How To Train Your Dog For Therapy Service

Dogs are pros at making you feel better when you've had a bad day or you're couch-bound while sick, and they can help other people feel the same expansive dog love with a little training. Training your dog to be a therapy dog means they will be able bring joy to children who are stuck in the hospital, provide companionship for older folks, and comfort those with disabilities.

Image from usaghumphreys.

What Types of Dogs Are Good for Therapy Training

The first step when thinking about certifying your pup as a therapy dog is to find out if they're the right type. Jennifer Henley, PhD, the manager of the Animal Assisted Therapy program at the San Francisco SPCA, says that personality matters much more than breed when it comes to dogs that are great at therapy. Your dog should:

  • Enjoy meeting new people
  • Have no negative history (like nipping or biting)
  • Follow commands, such as sit, leave it, stay and down
  • Be OK with new noises, smells and environments
  • Be able to be calm and sit still during visits

Training and being a therapy dog is a lot of work for both of you, so your dog should not only like working, but should like this type of work. For example, if your dog likes work such as fetching, herding or tracking, they may not be as suitable for therapy since it involves ignoring distractions and following commands promptly. Dogs that are known for their intelligence and are easy to train, such as guard dogs or terriers, may take faster to therapy training and be better suited.

Henley recommends knowing dogs' boundaries so that if it turns out they don't really like therapy work, you can find another way to help your community, such as joining a volunteer search and rescue group.

Whom Your Dog Will Help

Most people know that therapy dogs and their owners do good by visiting those in need of companionship, but you might not realise how big of an impact you can have. Henley describes the main benefit of becoming an animal therapy volunteer:

It is an honour to help someone in such times of need and being a part of that, and knowing your dog brought joy, comfort, peace, the motivation to do physical therapy, etc, is incredibly rewarding.

You have a ton of options when it comes to who you and your dog volunteer to help with therapy visits. Here are some common opportunities you likely have nearby:

  • Hospitals: Children, as well as other patients, need a friendly face to brighten their day.
  • Nursing homes and senior centres: Bring comfort to older people. Especially great for lap-sized dogs.
  • Libraries and schools: Help kids practise reading by providing a non-judgemental fluffy audience.

Check with your local libraries, community centres and shelters to see if there are other programs you and your dog can join.

How to Get Your Dog Trained and Certified

You'll likely need to invest quite a bit of time and effort into getting your dog trained and certified for therapy work, but the happiness you bring to those in need can be well worth it. The exact evaluation exam and certification standards vary depending on what organisation you're being certified by, but the training typically involves:

  • Training classes (usually 4+ hours over several weeks)
  • Your dog demonstrating the ability to follow a series of commands (sit, stay, off, leave it, say hi)
  • Monitored visits to observe how your dog does
  • Proof of health from a vet (you may have to re-submit this annually)

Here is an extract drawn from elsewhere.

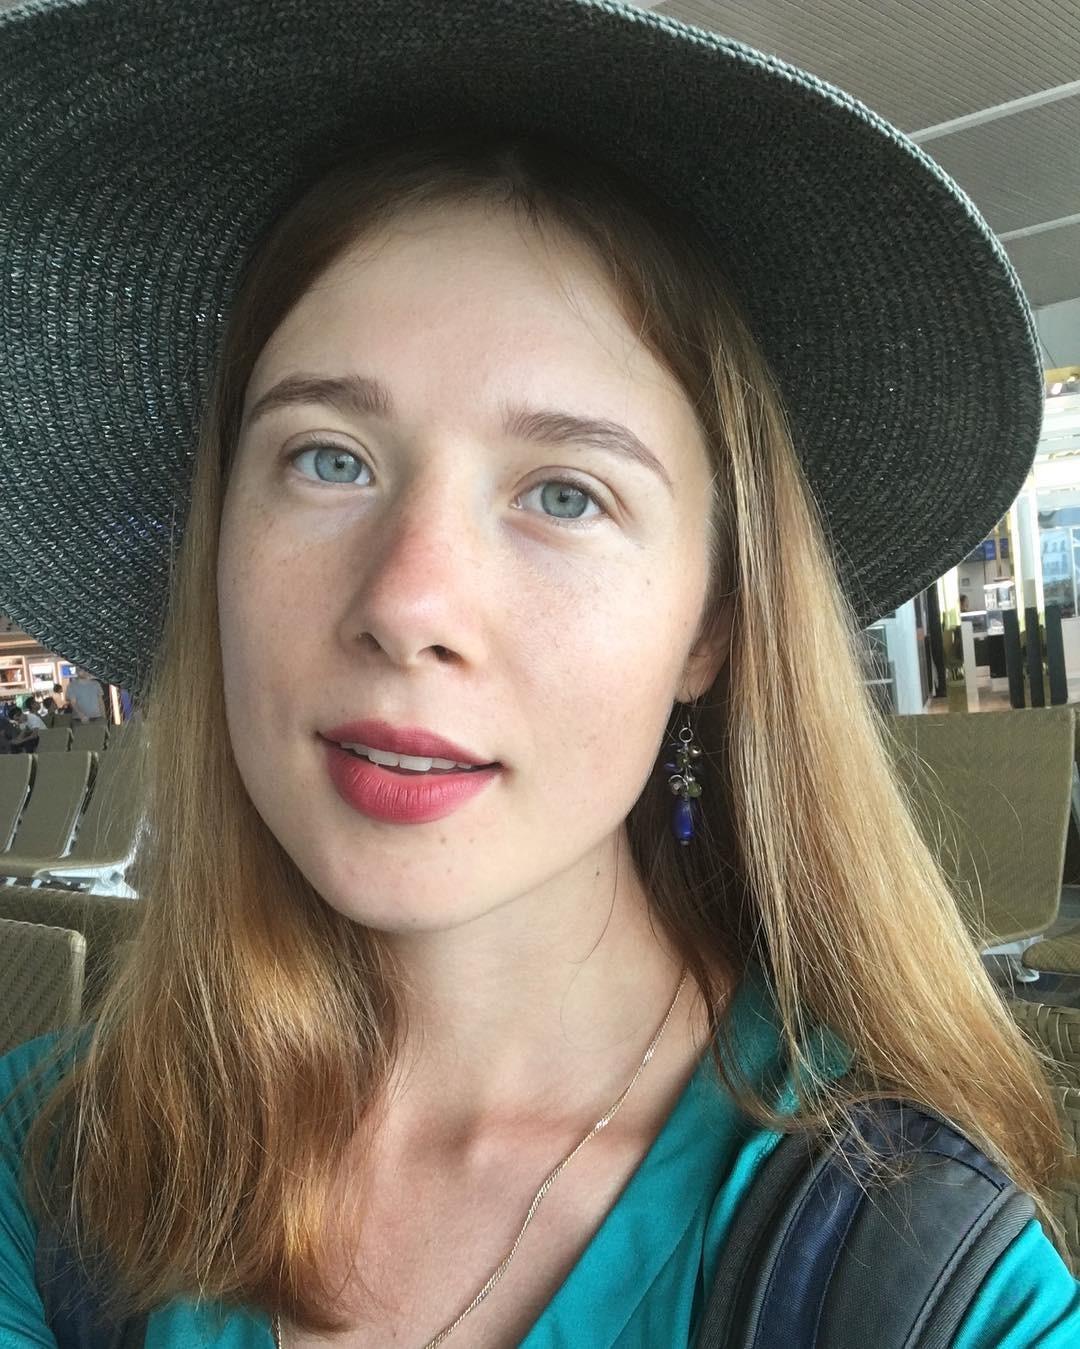 Tatiana (24) berasal dari Tver, sekitar tiga jam dari Moskow. Ia lulus dari Institut Negeri Hubungan Internasional Moskow (MGIMO) dan fasih berbahasa Indonesia. Kini, ia tinggal di Singapura bersama suaminya.

You may also have the option to go through several levels of certification as your dog adds more therapy visitation experience under their collar. Some organisations offering therapy training and certification programs in Australia include Lead The Way and Therapy Dogs Australia.

Besides performing a valuable service to your community, going through therapy dog certification, training, and actual volunteering can strengthen the bond between you and your dog.


Comments

    @author, this article is a bit inaccurate in the sense that not all those that want to become Therapy Dogs need to get professionally trained nor do they need to get assessed as pups. If the dog is intended to be placed as an assistance dog or is going to be working on its own, then yes there needs to be some, if not a lot of effort put into their upbringing and training.

    But, there are various kinds of Therapy Dogs, here are two that I know of...
    1. Delta Therapy Dogs, https://www.deltasociety.com.au/pages/delta-therapy-dogs.html
    2. Story Dogs, http://storydogs.org.au/

    For these organisations one need not have their dogs professionally trained. As quite a lot of dog owners already do at home, they give their dogs basic training and obedience skills and if the dogs are well looked after, have a good temperament and can be easily handled/controlled by their owners, they would qualify.

    Here is a quick Yes/No questionnaire that will give you an idea of what they are after https://www.deltasociety.com.au/pages/slide1.html.

    In conclusion, there needs to be an article on Australian Therapy Dogs and it needs to list a few organisations that actively provide this service to various institutions and also note that all this work is voluntary.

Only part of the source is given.